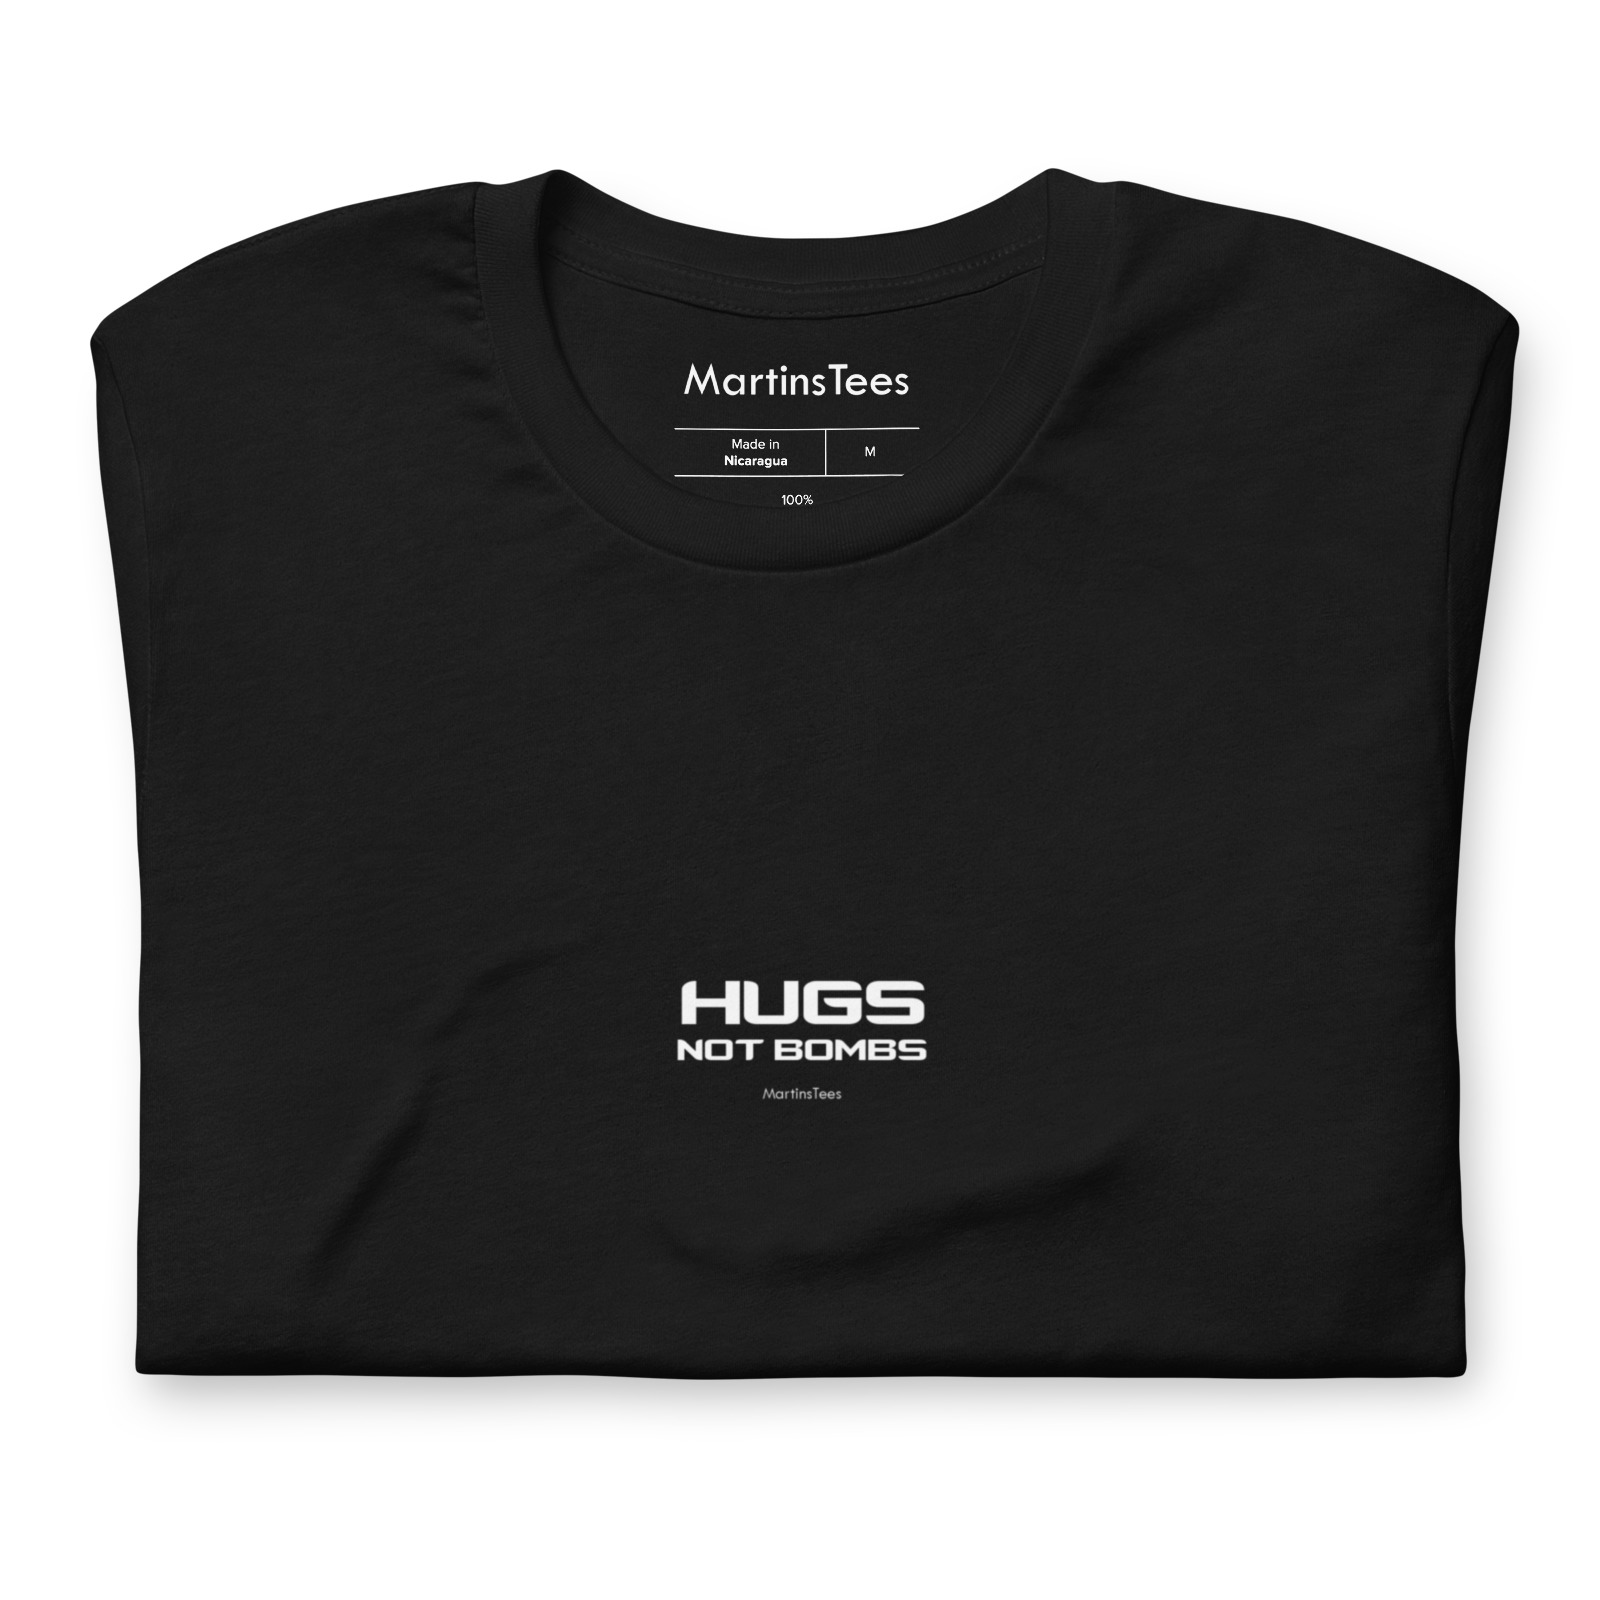 T-shirt: HUGS - NOT BOMBS
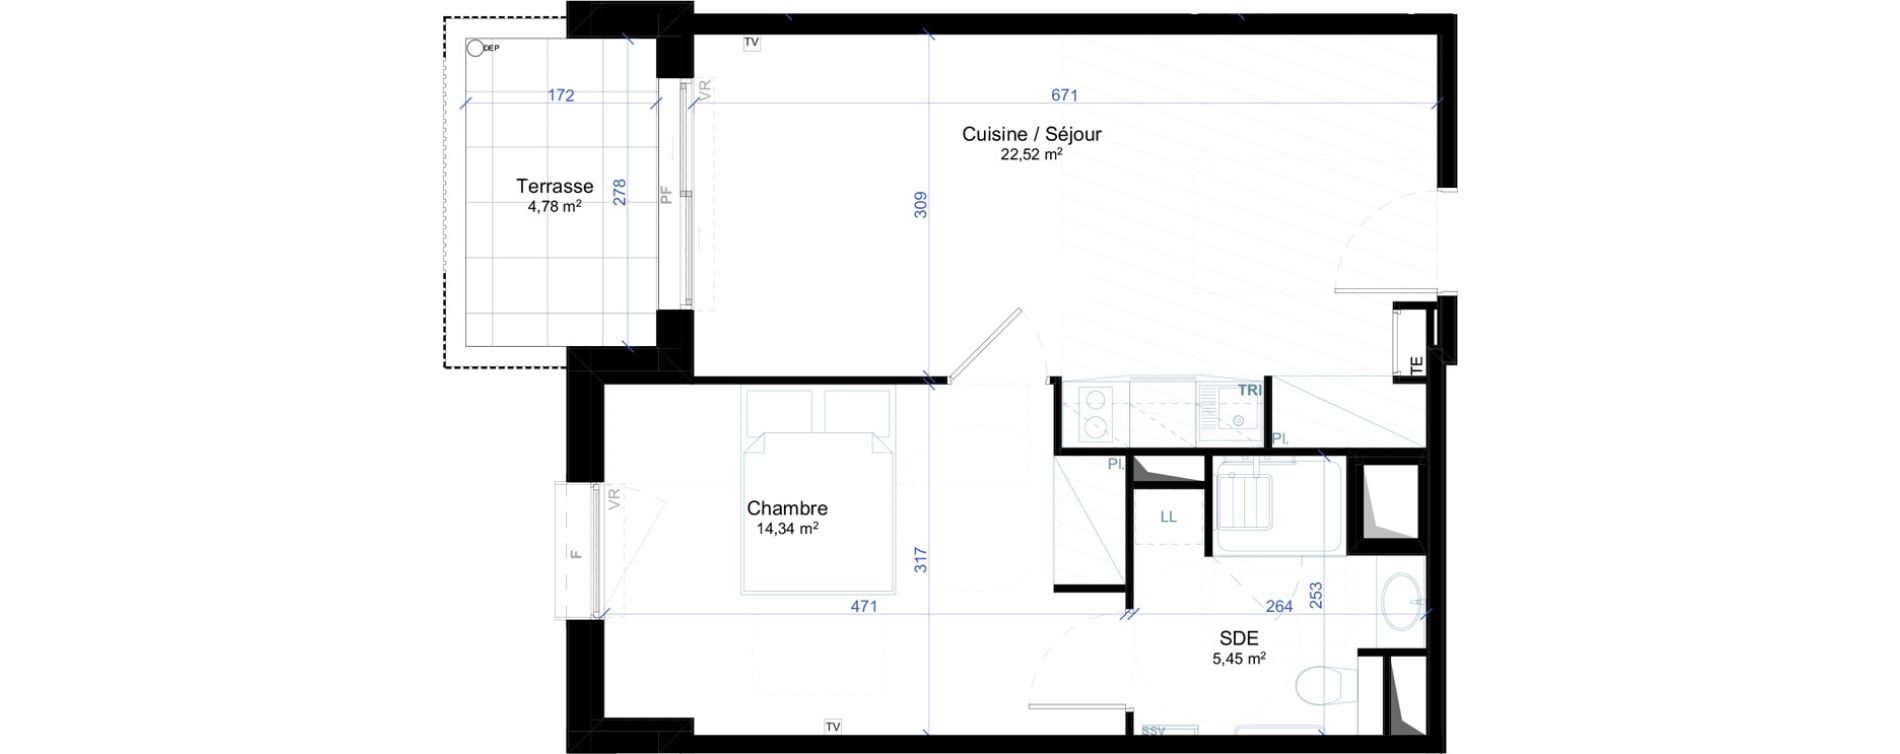 Appartement T2 meubl&eacute; de 42,31 m2 &agrave; Narbonne Anatole france - gare
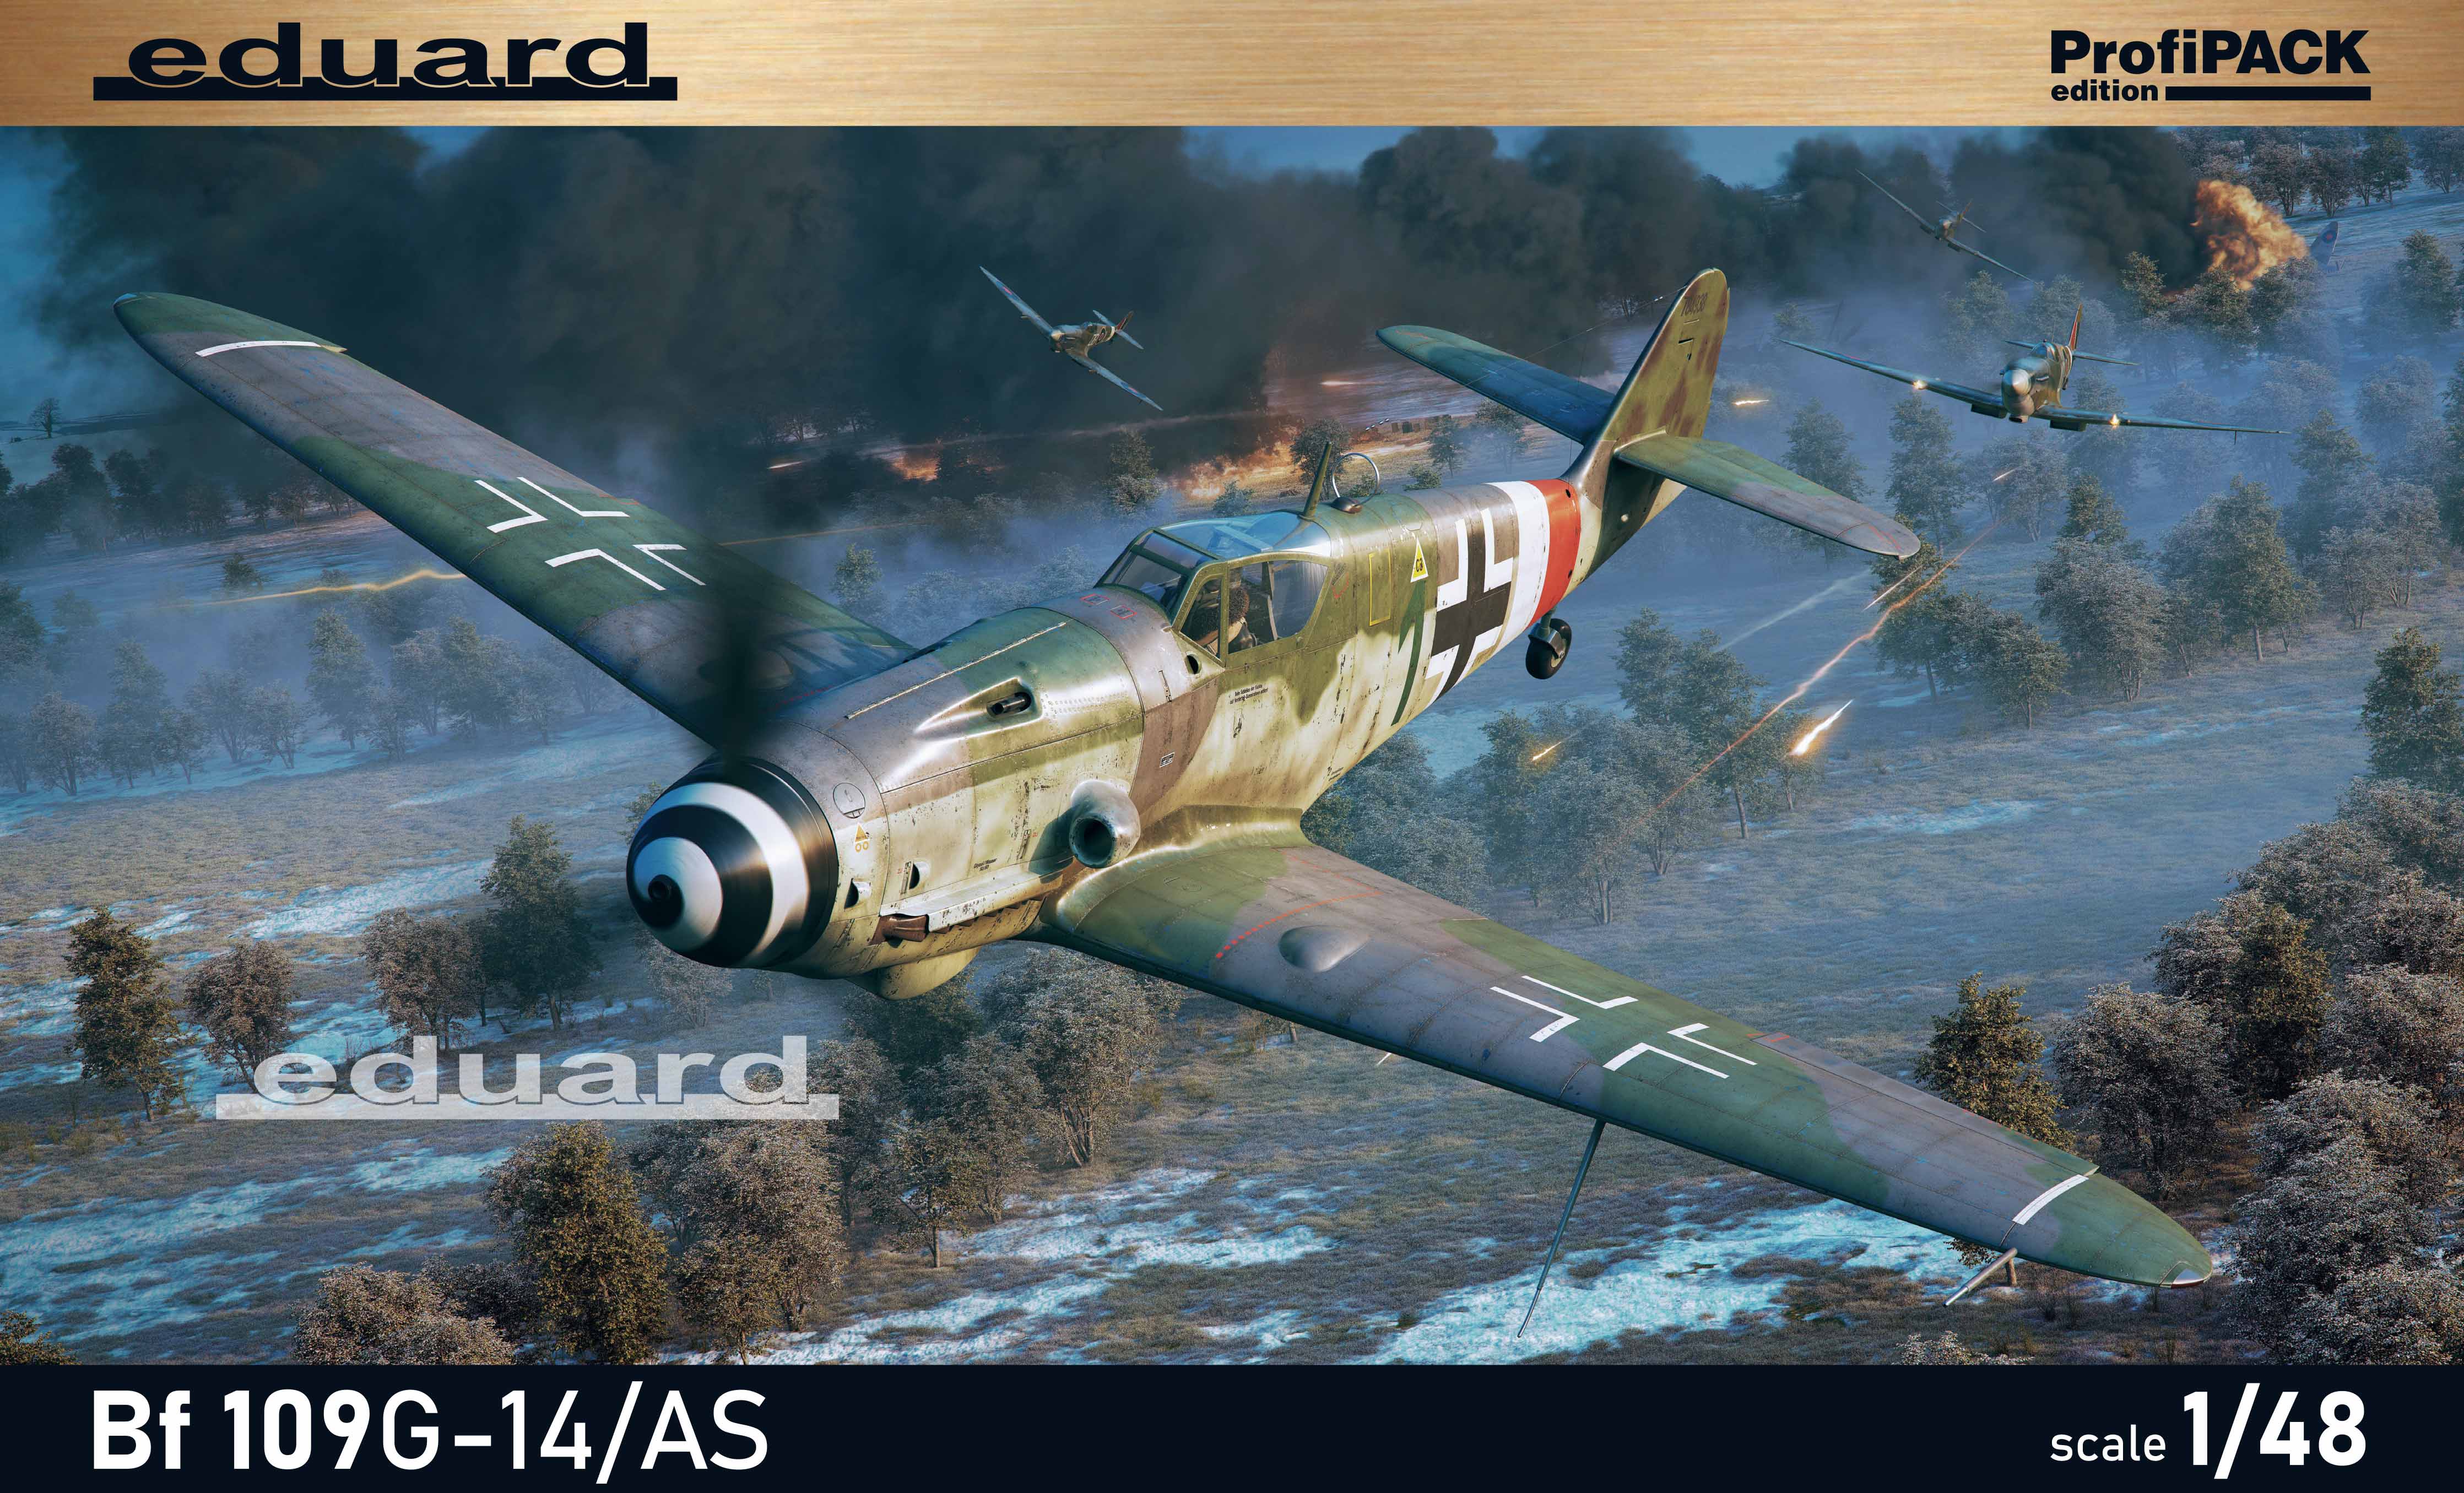 Model kit 1/48 Messerschmitt Bf-109G-14/AS ProfiPACK edition (Eduard kits)

__________________________________________________

> **Exercise prompt**: Each line from the one that holds "Appartement T2 meubl&eacute;" through the final line of the data must be retyped exactly; the pictures must not appear.

> **Response for this exercise**:
 Appartement T2 meubl&eacute; de 42,31 m2 &agrave; Narbonne Anatole france - gare
 Model kit 1/48 Messerschmitt Bf-109G-14/AS ProfiPACK edition (Eduard kits)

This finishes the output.